Злоба клокотала в душе наследника, но, разумеется, дисциплина обязывала не подавать вида, хотя больше всего ему хотелось сейчас обматерить вся и всех. Он чувствовал себя опозоренным в глазах многочисленных свидетелей – и кем опозоренным? Гнусной тварью, которую давно надо было пристрелить, которая была такой же подлой, как и бывший друг! Артур внимательно всматривался в лица, ловя малейшую тень насмешки, но все присутствующие были серьезны, и он немного успокоился.
– У тебя еще будет случай с ним сквитаться, сын, – сказал царь Антон, не уточняя, кто подразумевается: пес или его хозяин. – По крайней мере, теперь есть уверенность, что никаких сюрпризов не будет, и вы идете по верному следу.
– Отряд, стройсь! – скомандовал Артур, вновь входя в роль командира.
Пять человек встали в походный порядок: в первой шеренге стояли Николай с Семеном, во второй находились рабы, замыкающим оказался Григорий, который был на голову выше остальных в отряде. Он достал из футляра красный дозиметр и проговорил:
– Контрольный замер: тридцать семь микрорентген.
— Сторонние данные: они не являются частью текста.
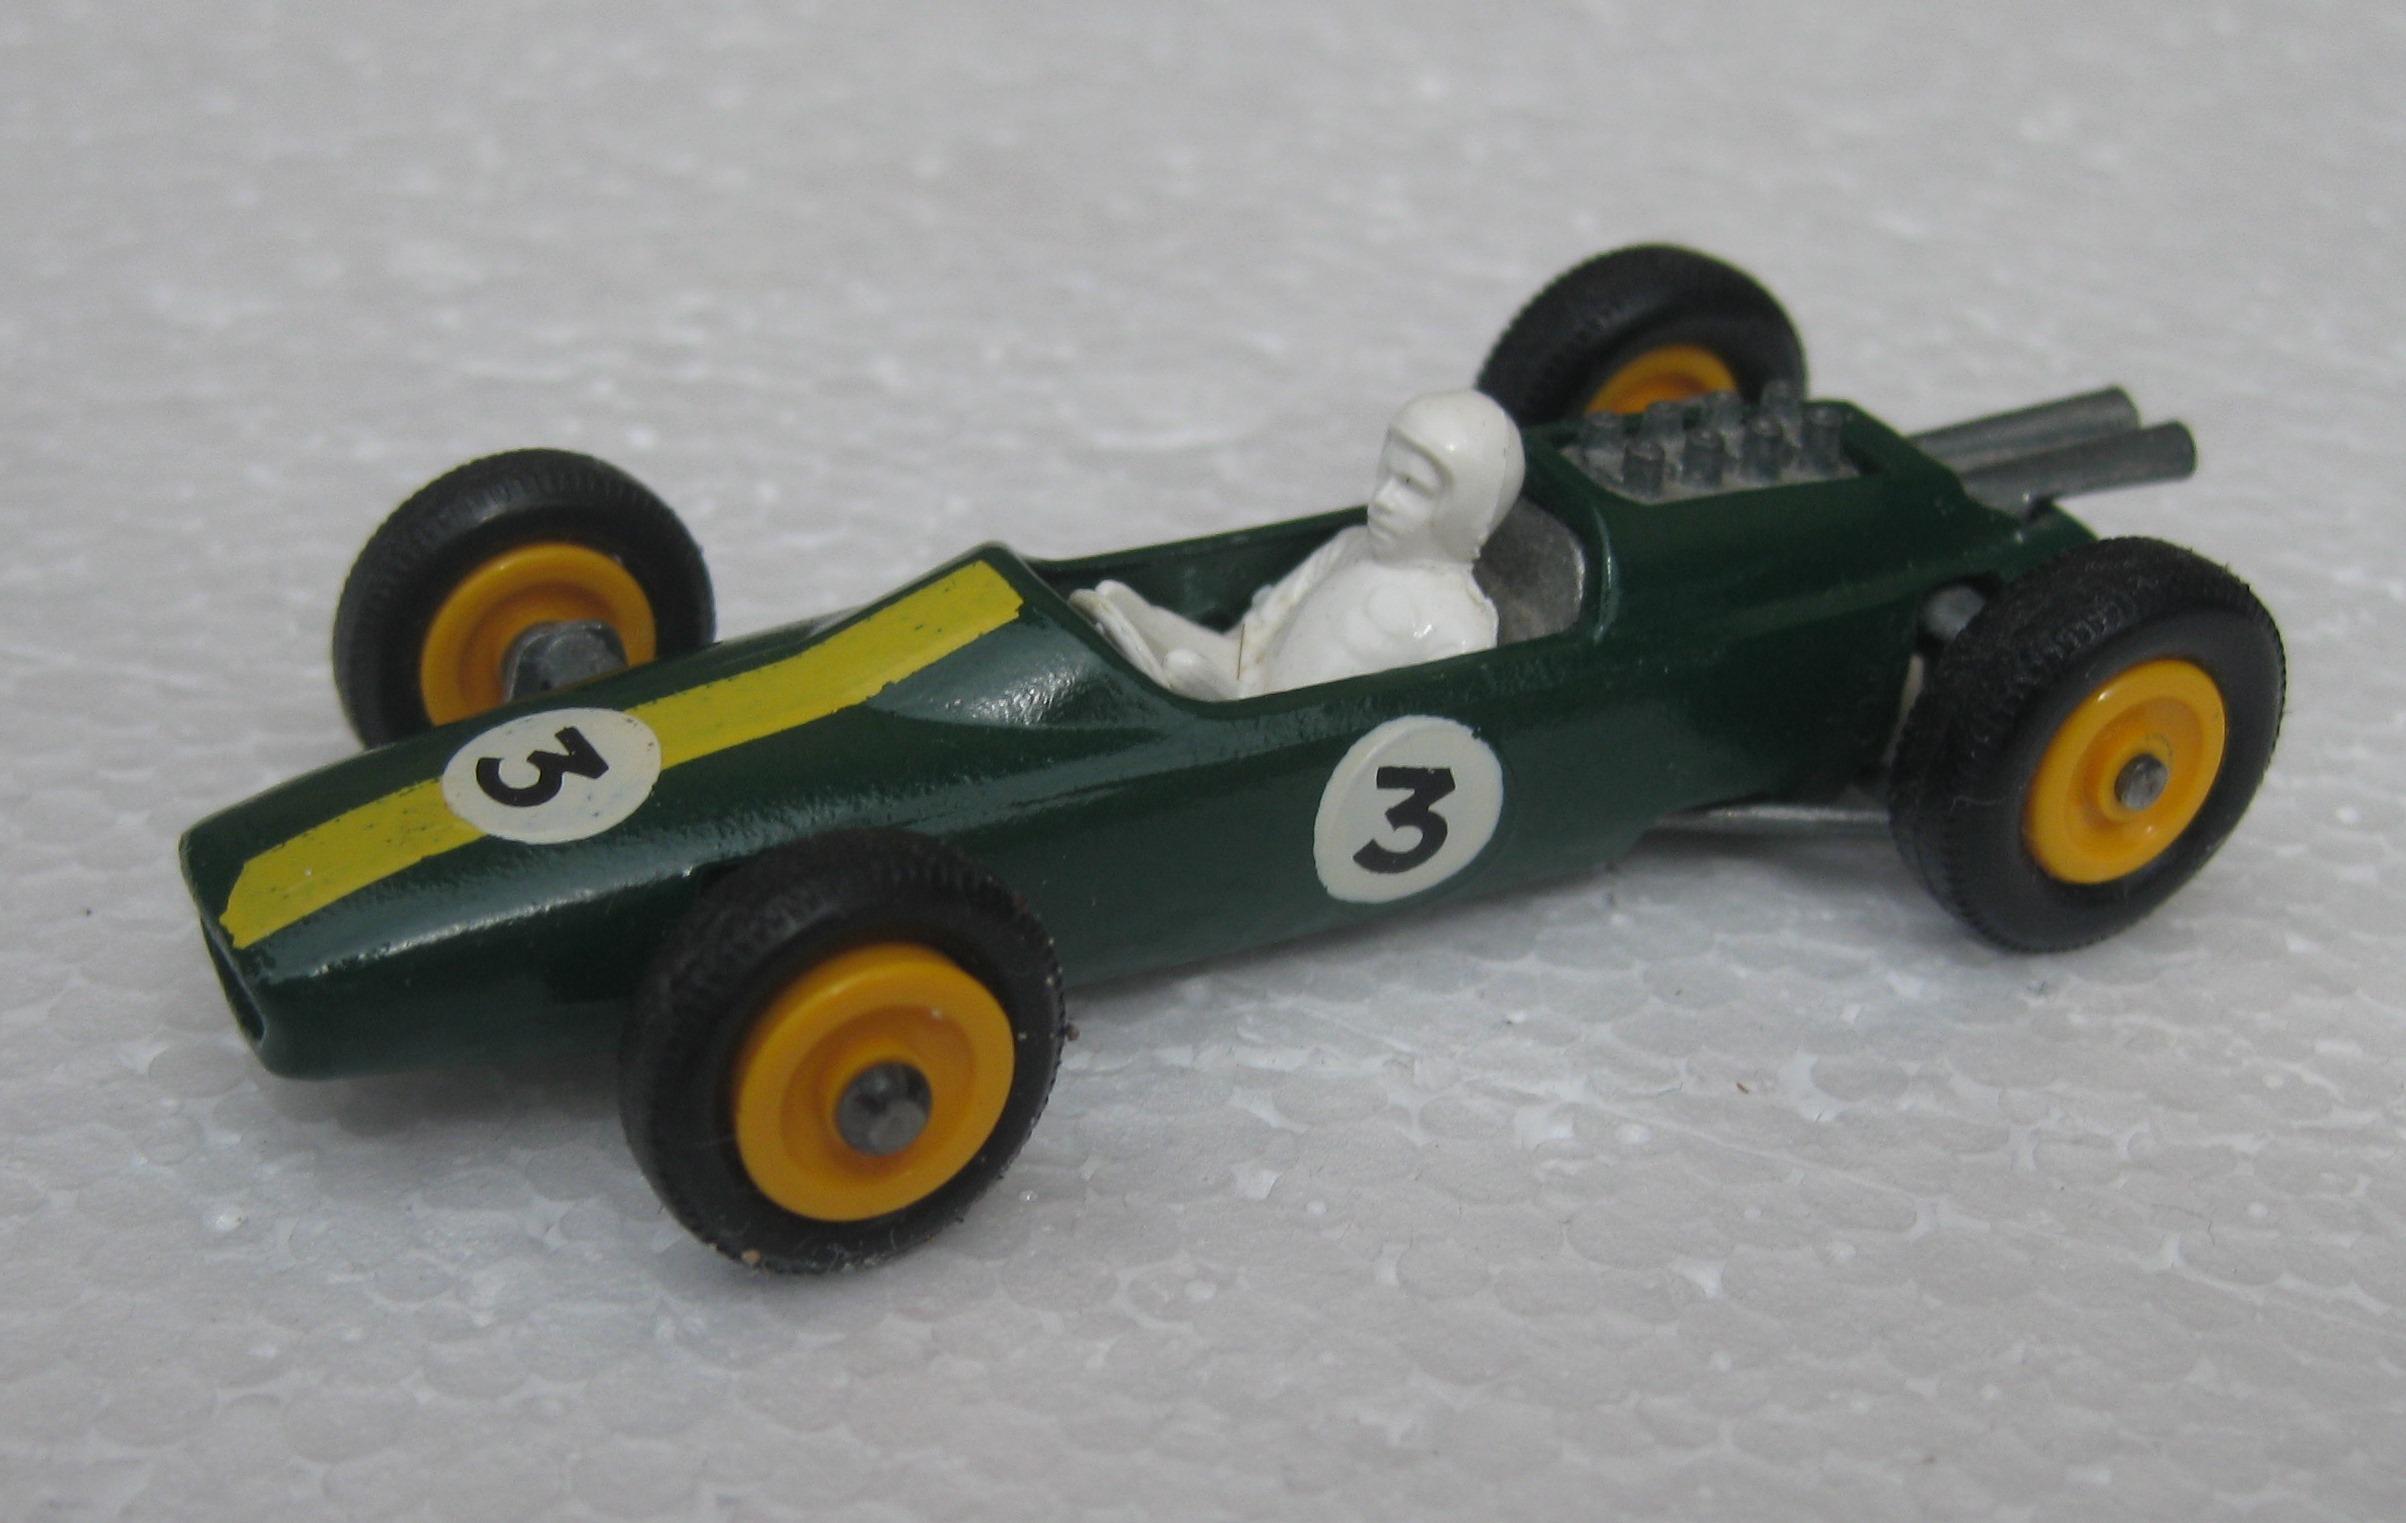 Lotus Racing Car | Matchbox Cars Wiki | FANDOM powered by Wikia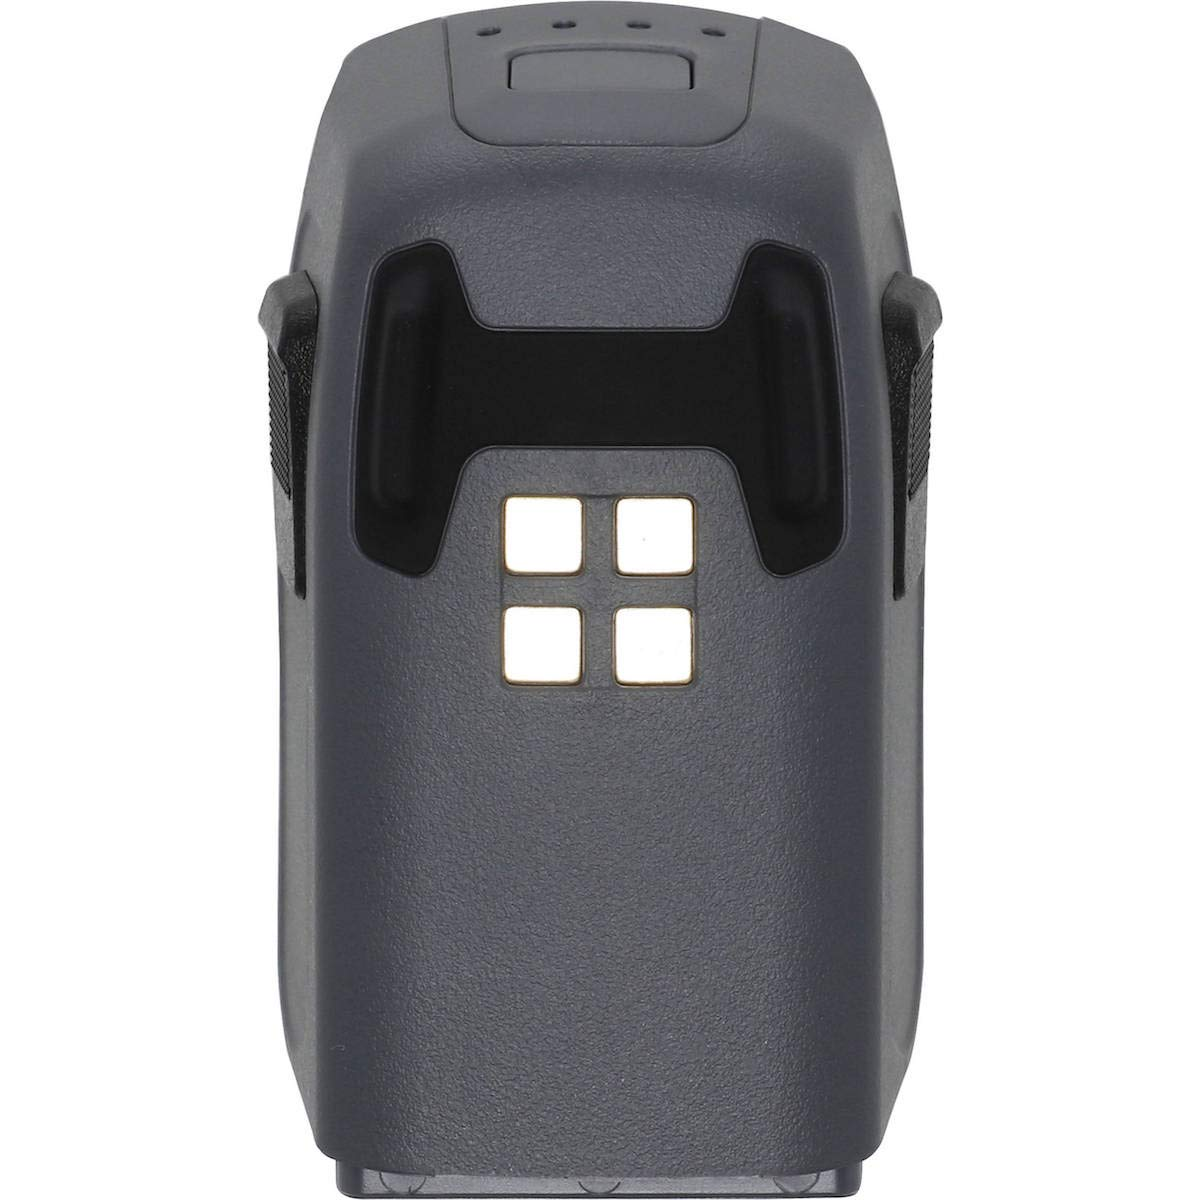 Bateria Original Dji Para Drone Dji Spark - Negra (xsr)

Царь Роман находился чуть в отдалении от основной массы провожающих и, поглаживая бородку, еле заметно хмурился: второй раз за сегодняшний день его макали лицом в дерьмо. Первый – на заседании, когда оказалось, что некоторые сведения настолько секретны, что о них ничего не знают не только члены Совета, но даже один из правителей Лакедемона. И вот снова – окунитесь в помои, собрат по оружию. Вы думали, что у нас не осталось ни одного счетчика Гейгера, радиометра или любого другого подобного аппарата? Ан нет, пожалуйста, вот вам дозиметр на солнечных батареях, да еще и с пьезо-элементом, на тот случай, если ночью показания снимать нужно. Более того, как выяснилось, таких счетчиков на складе было целых два.
«Ладно. Мы еще посмотрим, кто кого, – думал Роман, – на всех найдется управа: и на начальника Арсенала и на тебя, мой дорогой соправитель, тоже хомут примерю».
– Доблесть и сила! – выкрикнул царь Антон, находившийся по левую руку от жены.
– Во имя победы! – ответили четыре карателя.
– Во имя победы! – проорали провожающие.
– Подождите!.. – сквозь людей пробилась девушка в камуфляже. – Стойте!..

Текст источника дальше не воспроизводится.